I believe that if you are willing to recover the tweets, it is for data consistency and you do not want to miss any tweet from the stream.
Therefore, waiting to the next tweet to be received will allow you to ensure that any tweet published within this gap will be restored and added to your database.

If you do not care about this case here are 2 solutions that will allow you to get the latest tweet published:
// From any account if you do not already have a sample stream running on your machine + account
var stream = Stream.CreateSampleStream();
stream.TweetReceived += (sender, args) =>
    var lastPublishedTweetId = args.Tweet.Id;
    RestorePreviousDataBetween(sinceId, lastPublishedTweetId);

// From another test account so that is does not "corrupt" the account profile
var tweet = Tweet.PublishTweet(Guid.NewGuid().ToString());
var lastPublishedTweetId = tweet.Id;
RestorePreviousDataBetween(sinceId, lastPublishedTweetId);
Jul 30, 2014 at 3:35 PM
The second case was what I was thinking of, but I agree that your original proposal it the better solution.
Thanks again.
Jul 30, 2014 at 4:21 PM
Edited Jul 30, 2014 at 5:21 PM
Just going through your code, it all makes sense, but I would be very grateful for some background/code comments to the steps taken in RestorePreviousDataBetween(). In particular what is happening with TweetDTOs. I need to understand in order to port it to VB.NET
Jul 30, 2014 at 6:30 PM
I have added some comments to the method.

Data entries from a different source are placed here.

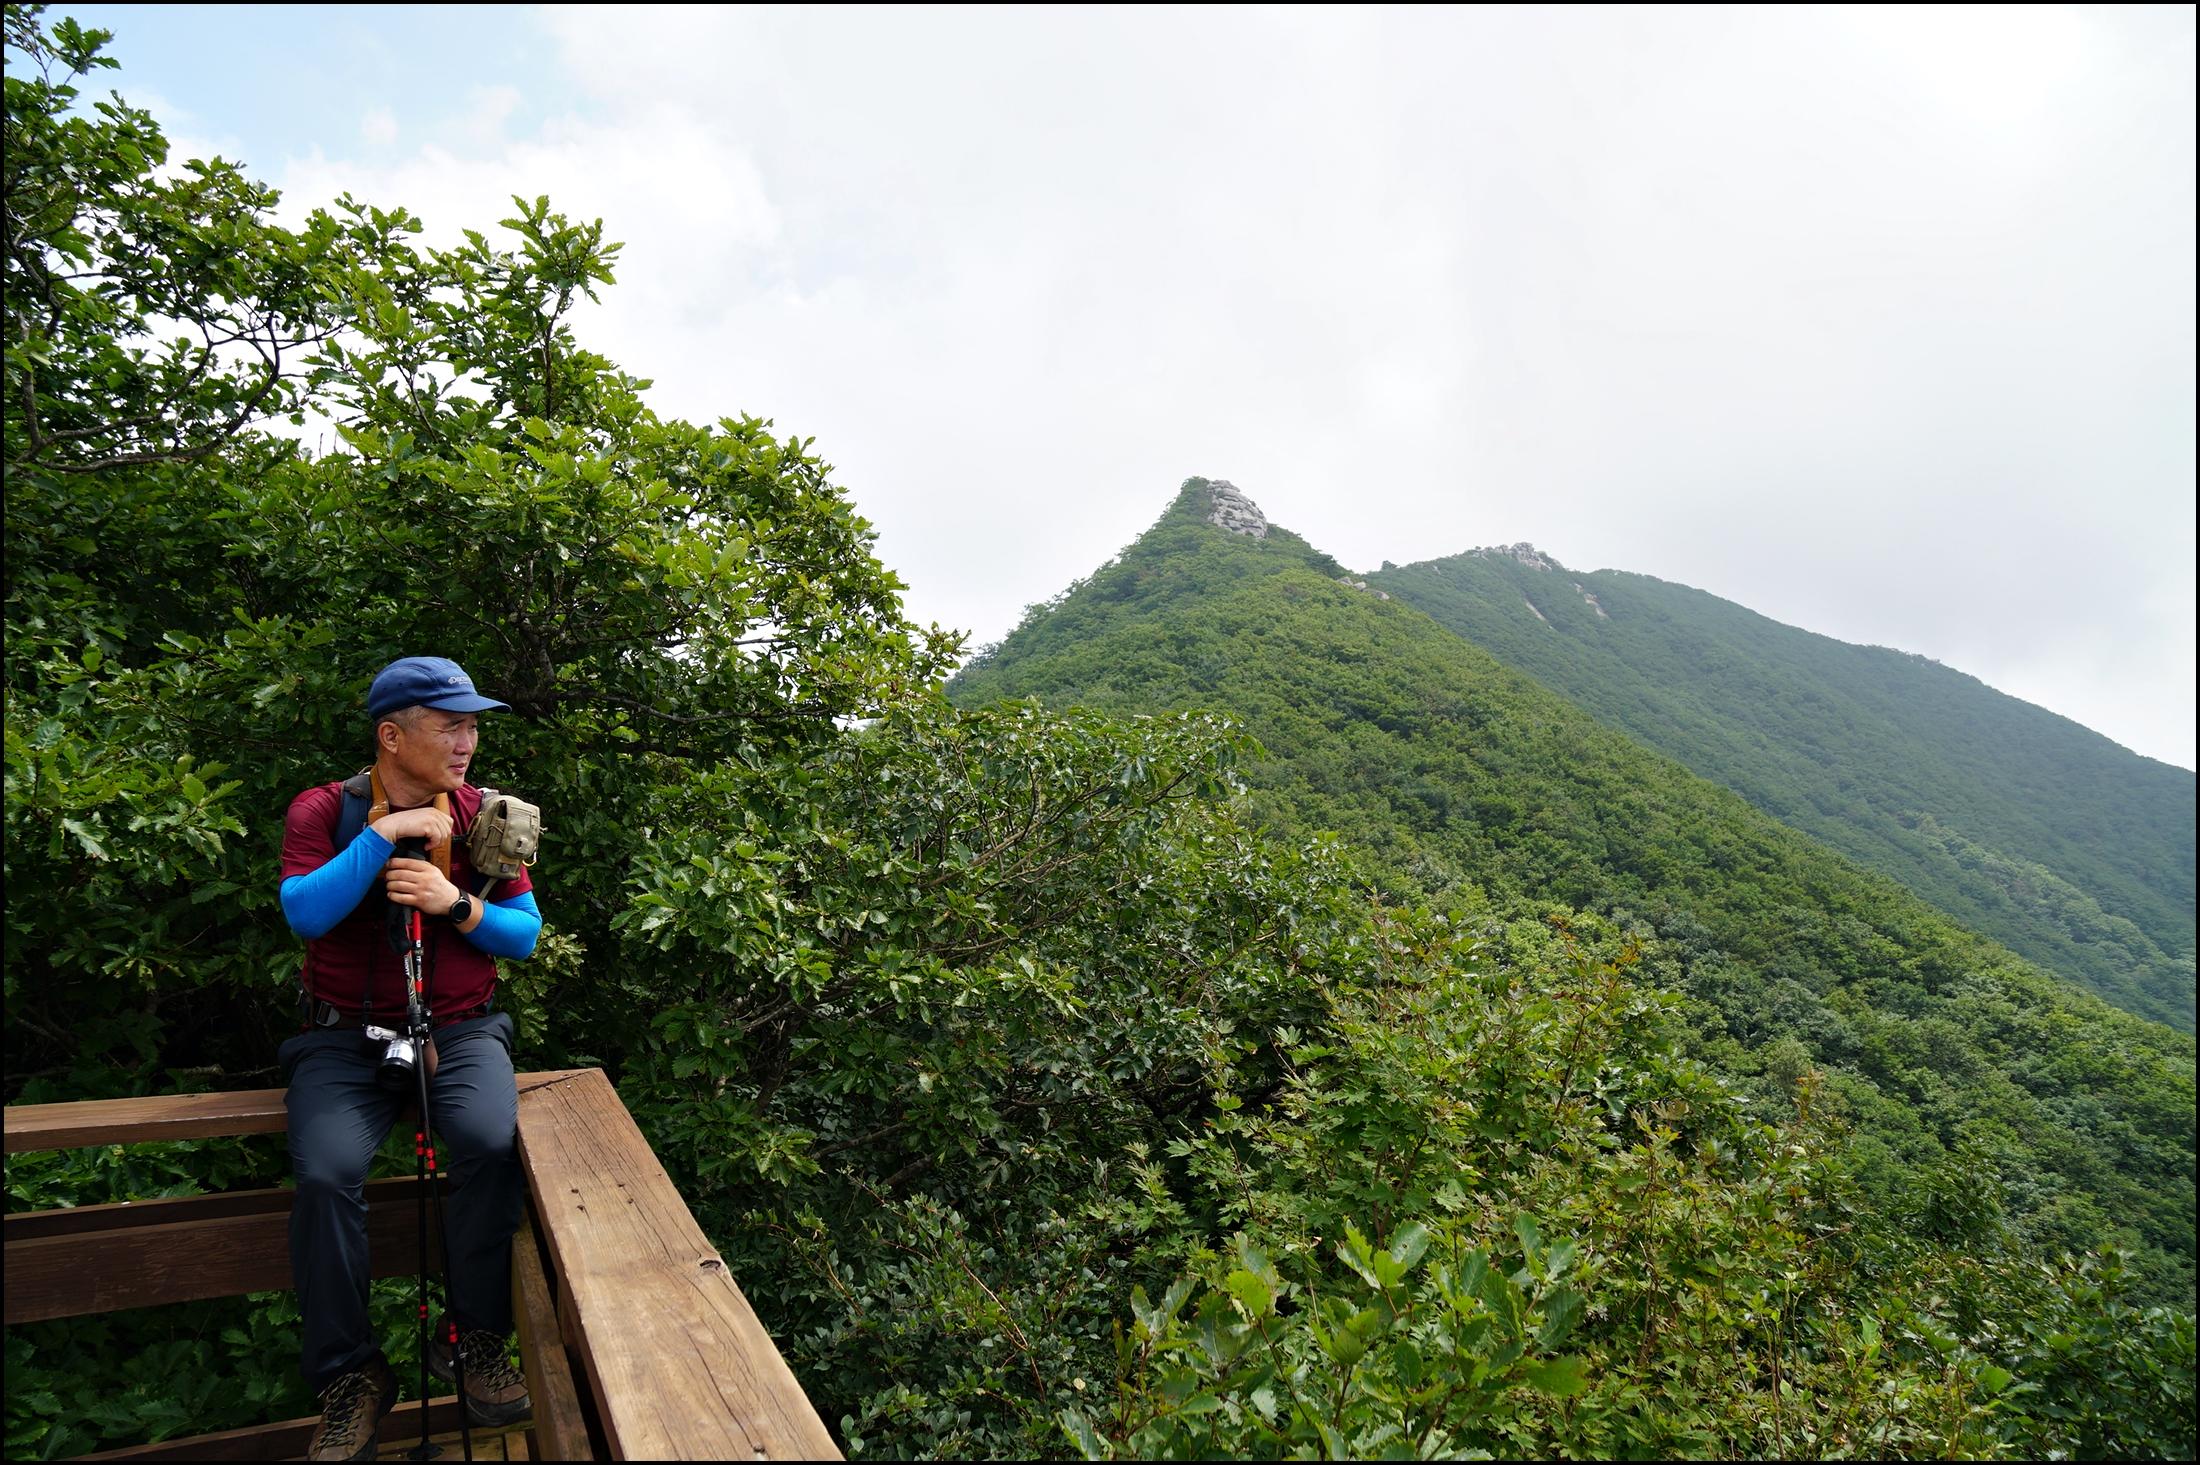 Kibaeksan and Yongchu Valley (2020.08.24)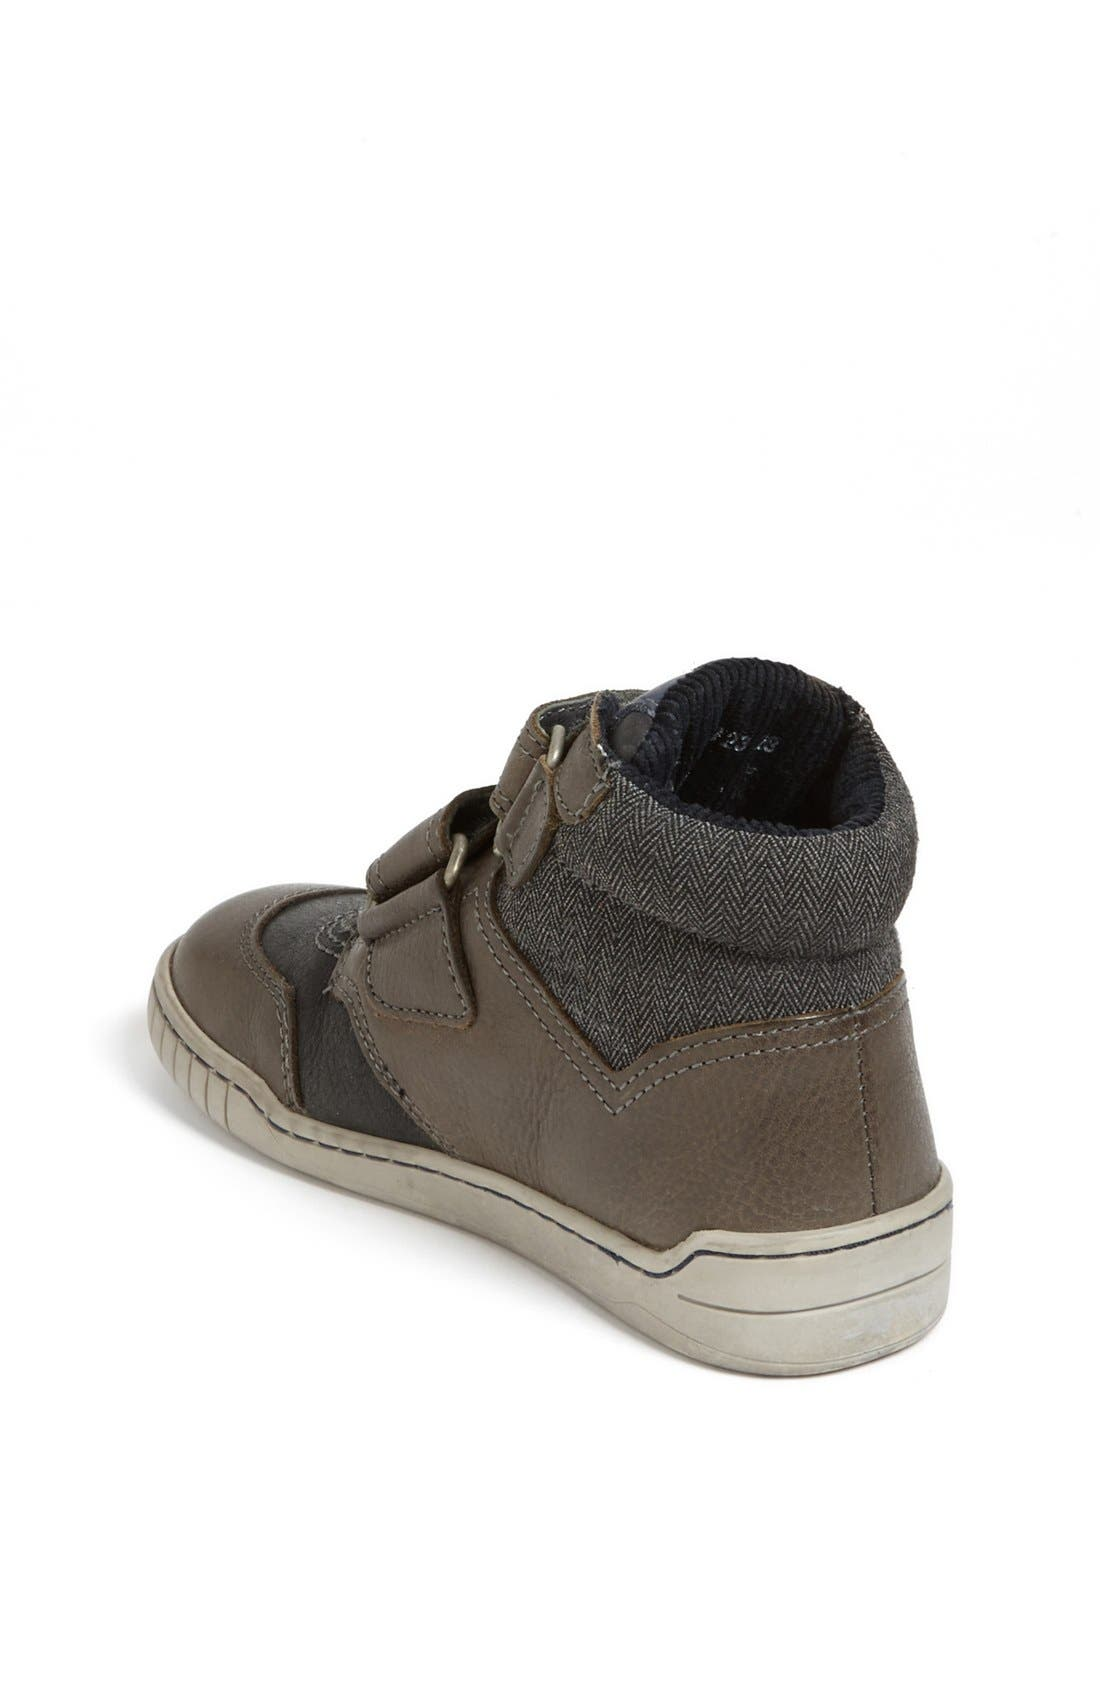 Alternate Image 2  - Kickers 'Windsor 4' Sneaker (Toddler & Little Kid)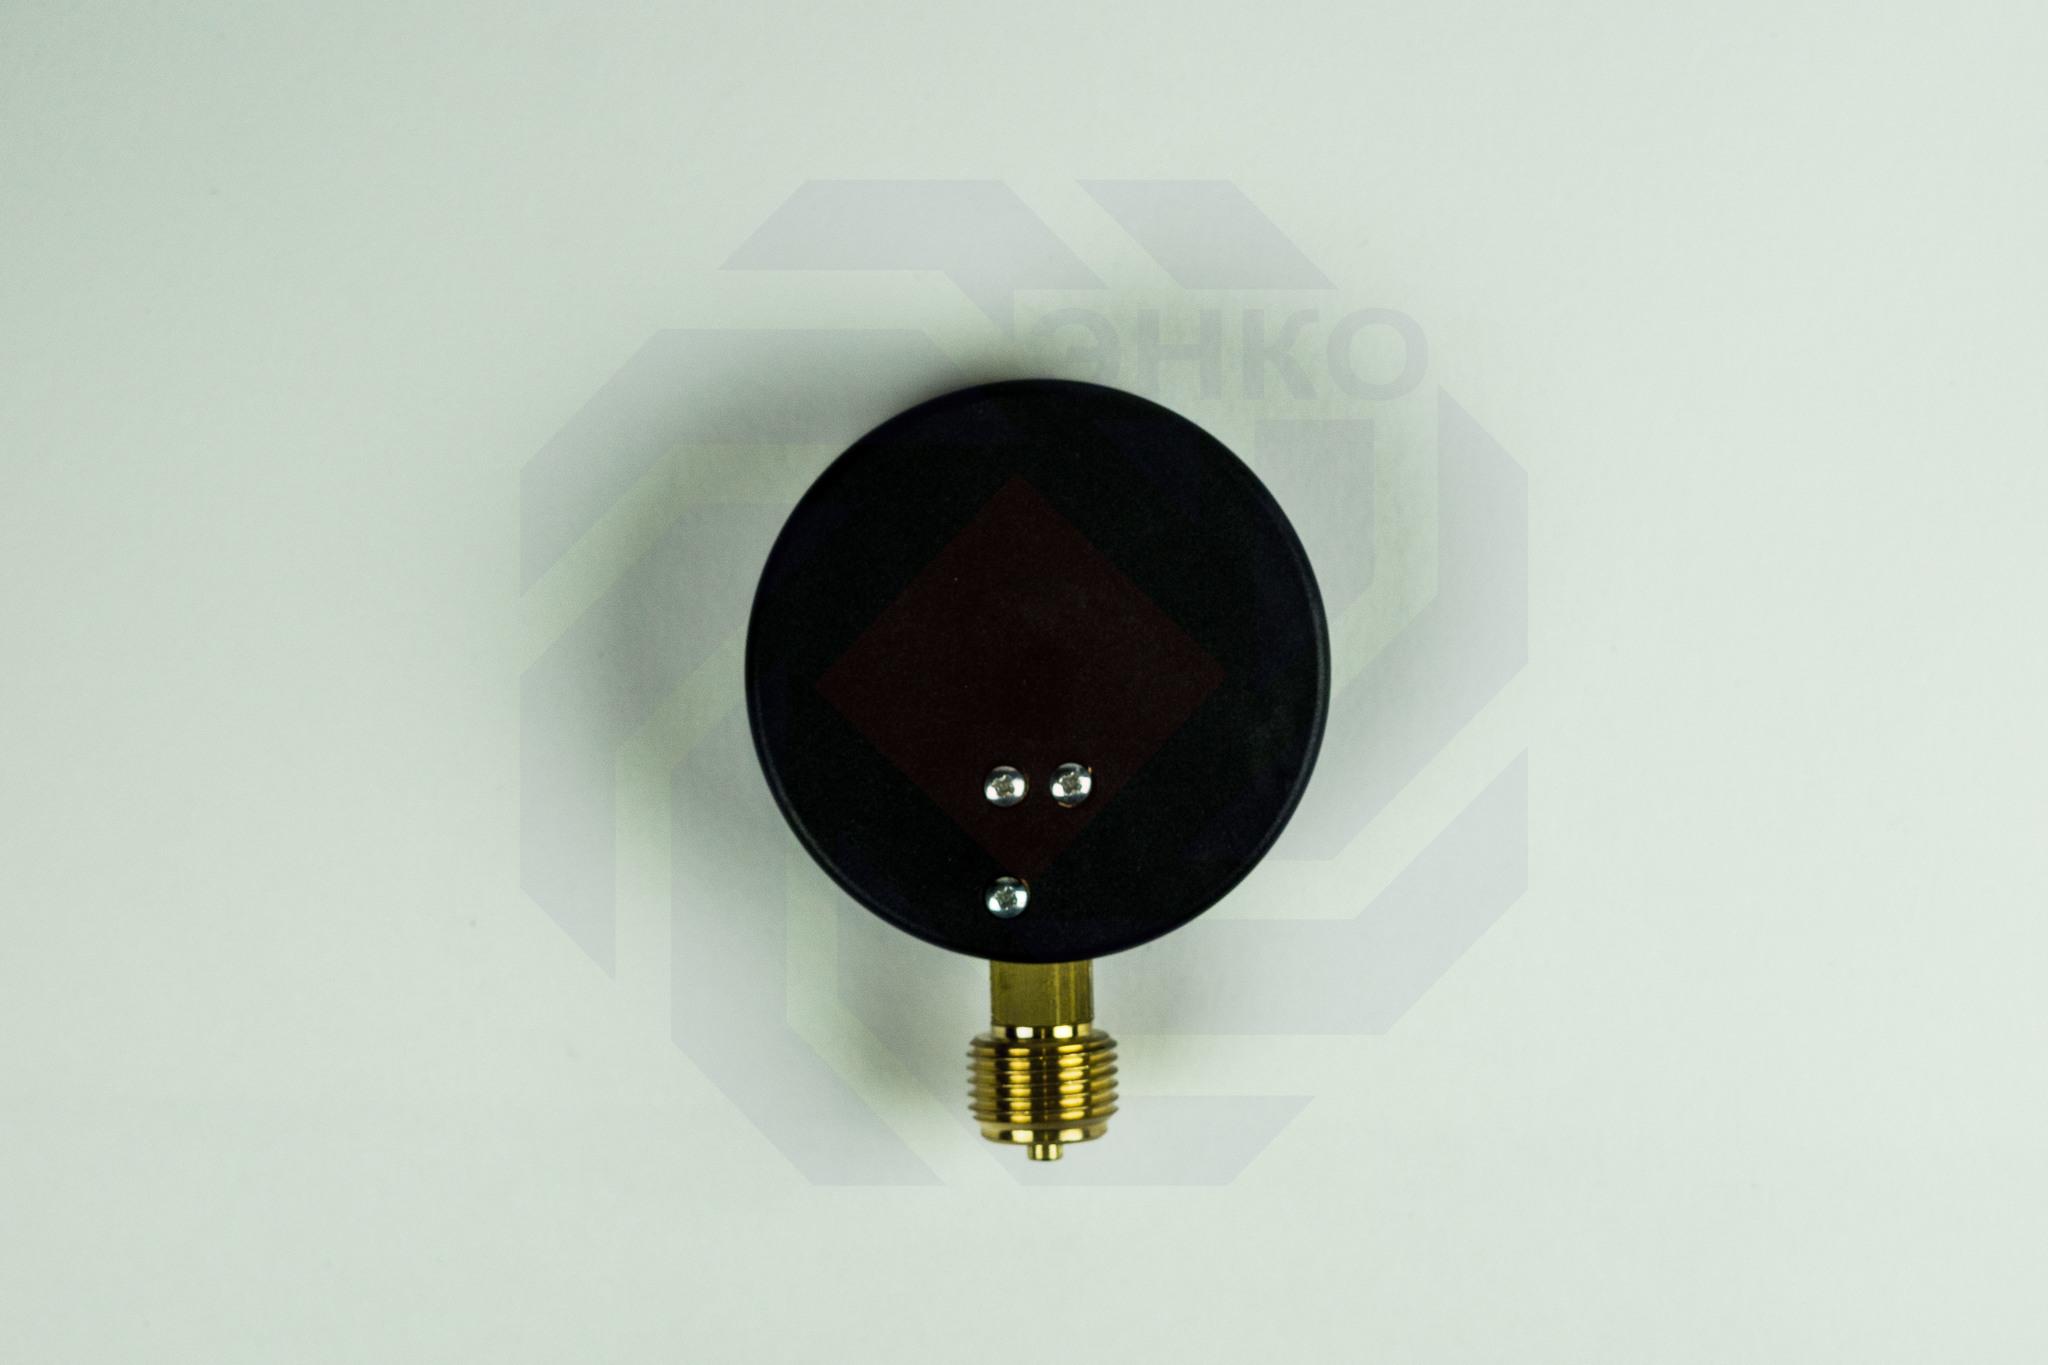 Манометр радиальный WATTS MDR 80/25 (F+R200) 0-25 бар 80 мм ½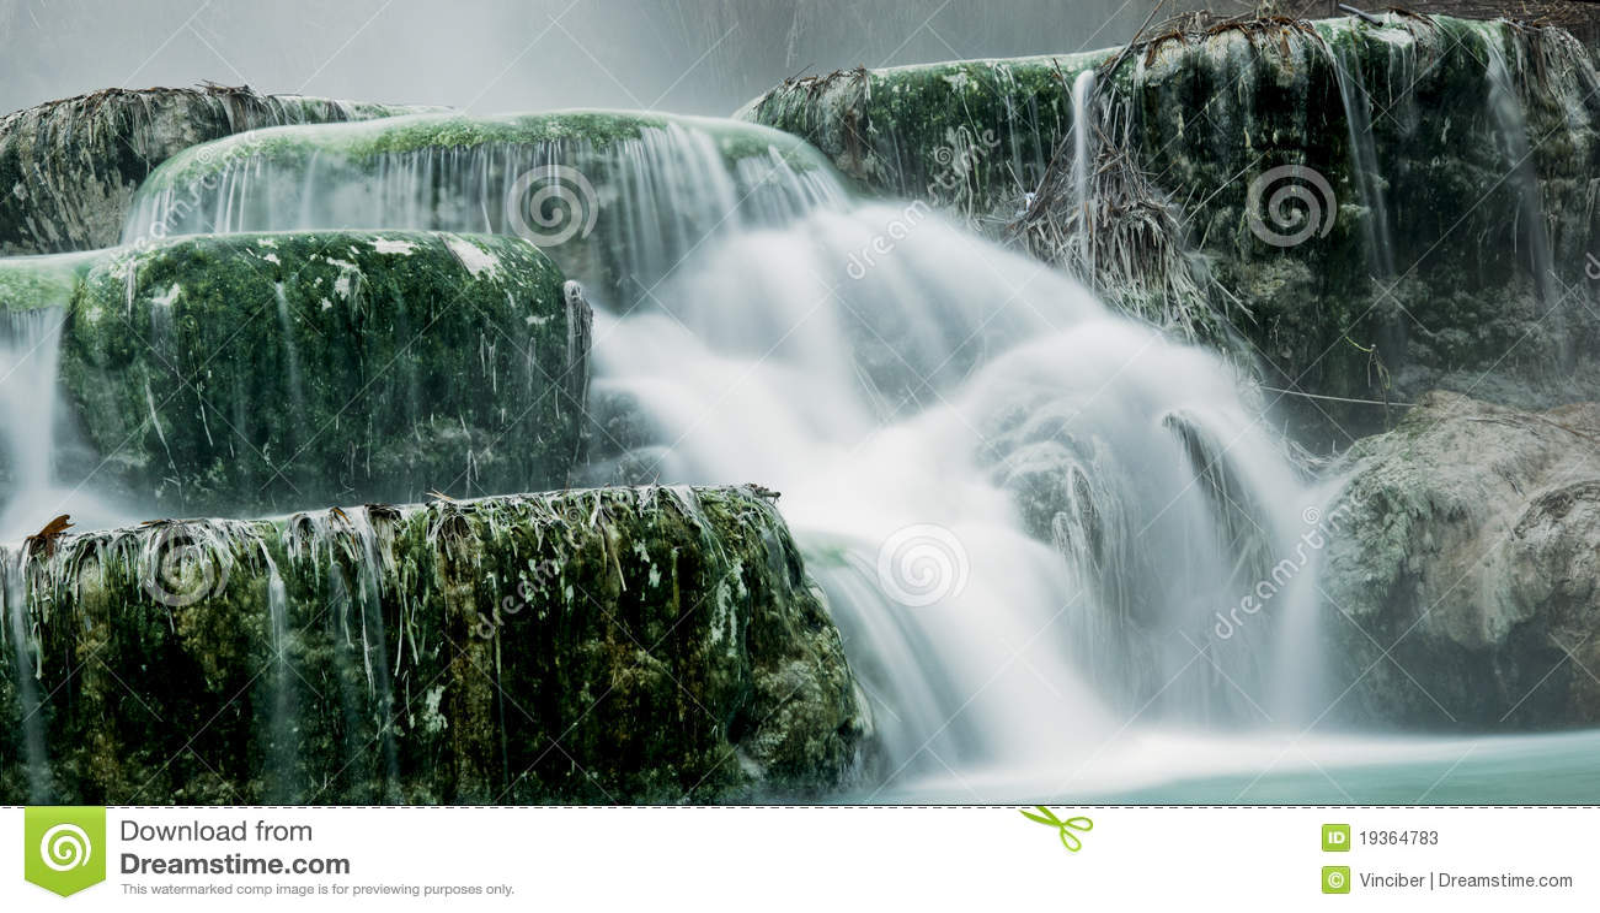 Água térmica para banhar-se.

It seems quite straightforward to me.

If forgot to mention that when storing the Tweet you need to use UPDATE OR CREATE in your database.
The reason is that in a FilteredStream you can receive older tweets after younger tweets.
It means that restoring from the latest tweet could be restoring tweets that you already received from the Stream.

Feel free to ask me any question if you need.


PS: I know you have been using Tweetinvi for quite some time, I will be happy to have any proposal for the next release of Tweetinvi. Please have a look in here :
Jul 31, 2014 at 8:51 AM
Thanks for your comments in the code. The problem was trying to use anonymous methods and Lamda functions in VB, and having more strict type checking to deal with too - so this C# code
var tweetHelper = TweetinviContainer.Resolve<ITweetHelper>();
var result = Search.SearchTweets(GenerateSearchBeforeMaxId(maxId)).ToArray();
var lastTweetId = tweetHelper.GetOldestTweetId(result.Select(x => x.TweetDTO));
now looks like this under VB.Net
    Dim tweetHelper As ITweetHelper = TweetinviContainer.Resolve(Of ITweetHelper)()
    Dim result As IEnumerable(Of ITweet) = Search.SearchTweets(GenerateSearchBeforeMaxId(maxId)).ToArray()
    Dim lastTweetId As Long = tweetHelper.GetOldestTweetId(result.Select(Function(x) (x.TweetDTO)))

Two other points.
  1. I will need to consider rate limits for this approach. So I will possibly need to tweak the routine to be able to be reentered later and carry on where it left off once the rate limits are reset.
  2. I was interested in you last comment about duplicates. You are saying that the some of the Tweets in the block of missed data can still be picked up as live events when streams are restarted ? That is bad news. Is this a transitory thing?, i.e. does it looks as if it is a race condition because events are already in the process of being sent to the stream? Or can this happen minutes or even hours later. I need to find a way to deal with this but cannot rely on RDBMS to trap the duplicates. My tweets go into a proprietary queue data structure so I would have to keep a record of all IDs and check for duplicates whenever a new one is presented. But obviously this cannot be done indefinitely - hence my question about whether this is transitory?
Jul 31, 2014 at 10:13 AM
Edited Jul 31, 2014 at 10:30 AM
I wonder if Twitter is reliable enough to do this.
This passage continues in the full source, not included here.